Budget Gehäuse liegt bei ca 90€, sollte wirklich nur so klein wie möglich sein. Z.B Bitfenix Prodigy wäre viel zu groß für mich.
Hab mich angesichts der diskussion schonmal von einem 6600k verabschiedet und werde zum 6500er greifen.
Die GTX680 ist wirklich nur Übergangslösung und wird von mir aus auch noch runtergetaktet. Es geht nur darum mich halbwegs über das nächste halbe Jahr zu bringen.
Werde angesichts dessen wohl mal ins Gehäuseforum posten.
EDIT: hab gerade das gefunden: https://www.youtube.com/watch?v=B79CltIOhzE
Meinungen?


----------



## derneuemann (8. Oktober 2017)

*AW: Fractal design Node 202 - Kühlmöglichkeiten und CPU Wahl?*

Nur Mal, falls es noch einen interessiert.
Ich nutze das Bode 202 und betreibe darin einen 6700k @4280mhz, der nicht geköpft ist.
Dazu eine gtx1070 Fe, mit einem 1080fe kühler (wegen der vapor chamber) von caseking. 
Das System läuft sogar durch Prime 95 ohne zu throttlen und stabil.
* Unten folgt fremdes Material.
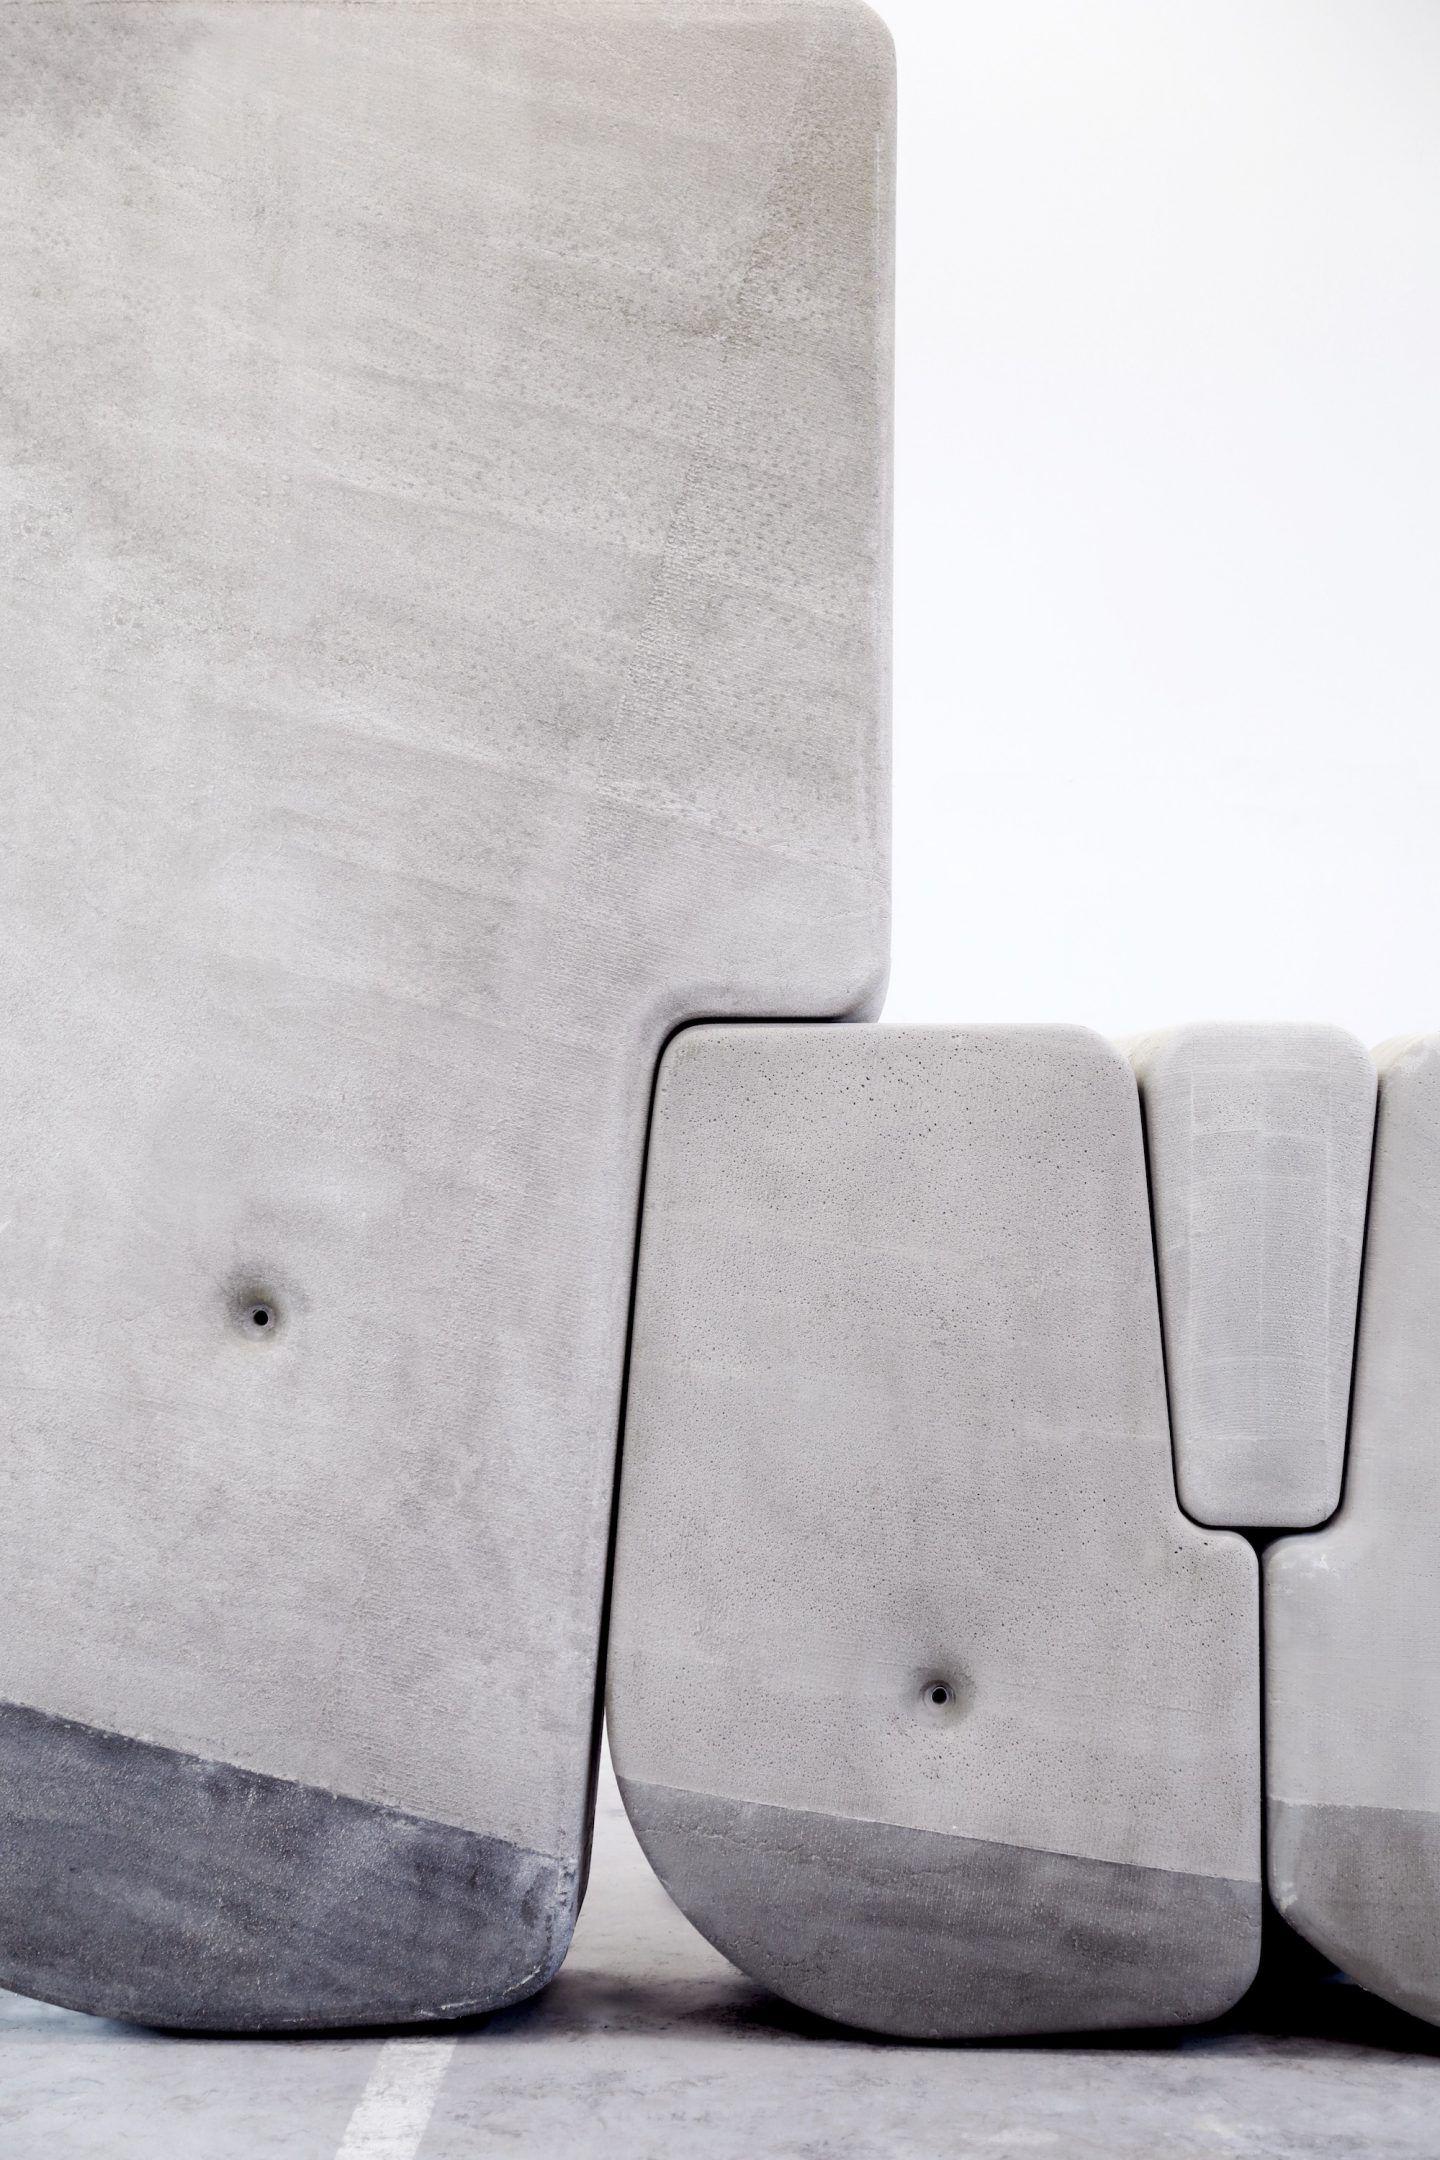 IGNANT-Design-Matter-Design-Studio-Walking-Assembly-011
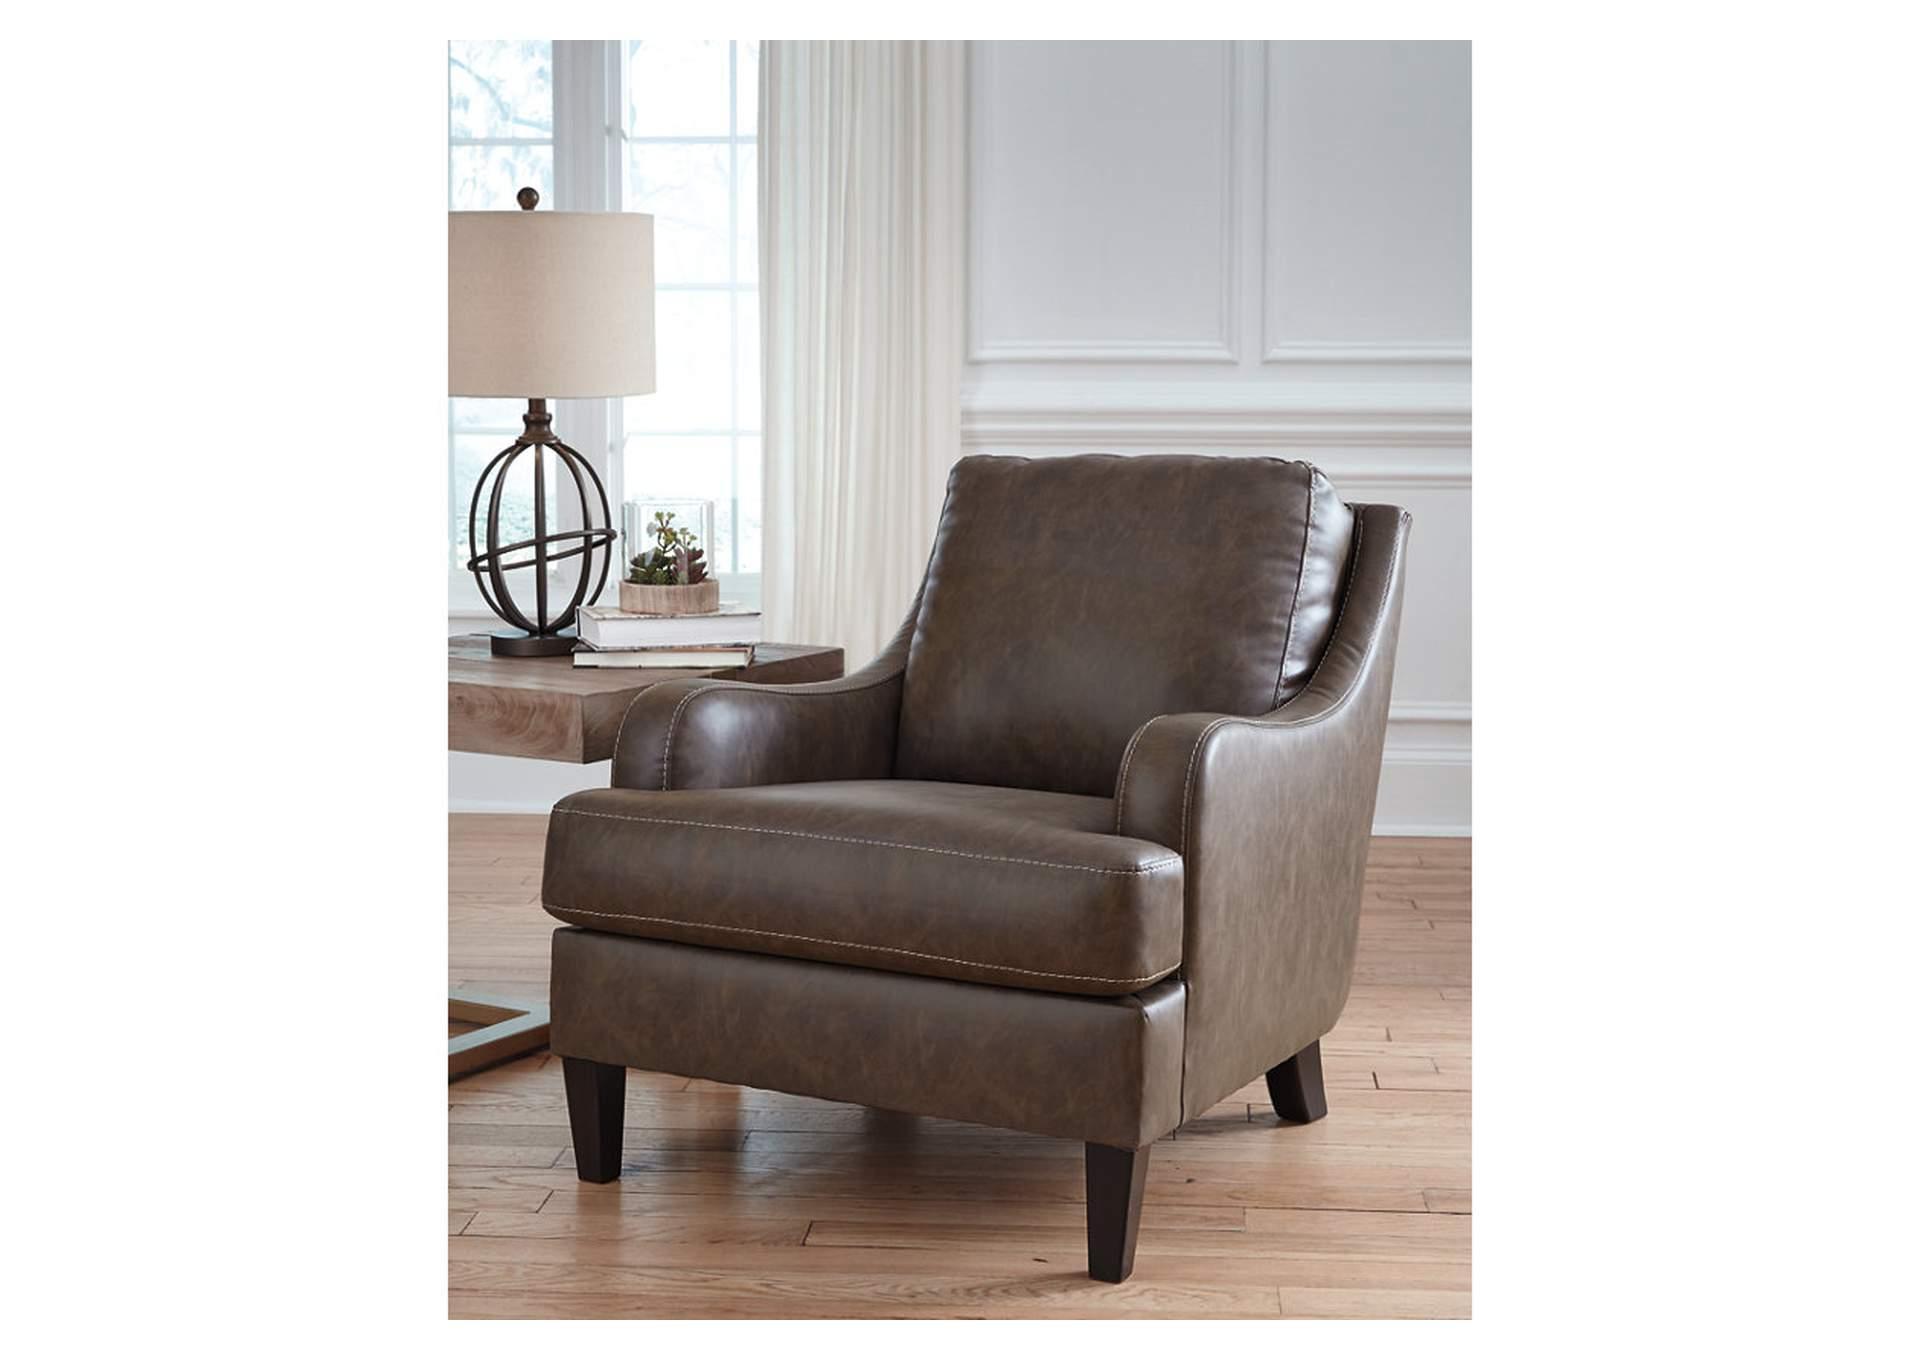 Superb Max Five Star Furniture Tirolo Walnut Accent Chair Creativecarmelina Interior Chair Design Creativecarmelinacom

Kurze peaks auf 91 Grad, aber schnitt immer bei max 85 Grad (prime95). In Game,max CPU Temperatur in Crysis 3 bei 150fps (720p für CPU Test) bei 72 und peaks bis 78 Grad.
Gekühlt wird der i7 mit einem L9i von noctua. 
Ich überlege noch zu köpfen und das ganze noch bis 4,4, oder gar 4,5 GHz auf die Spitze zu treiben. 
Dazu läuft die GTX 1070 mit 1936 MHz in 4k/ Speicher mit 4500 MHz.


----------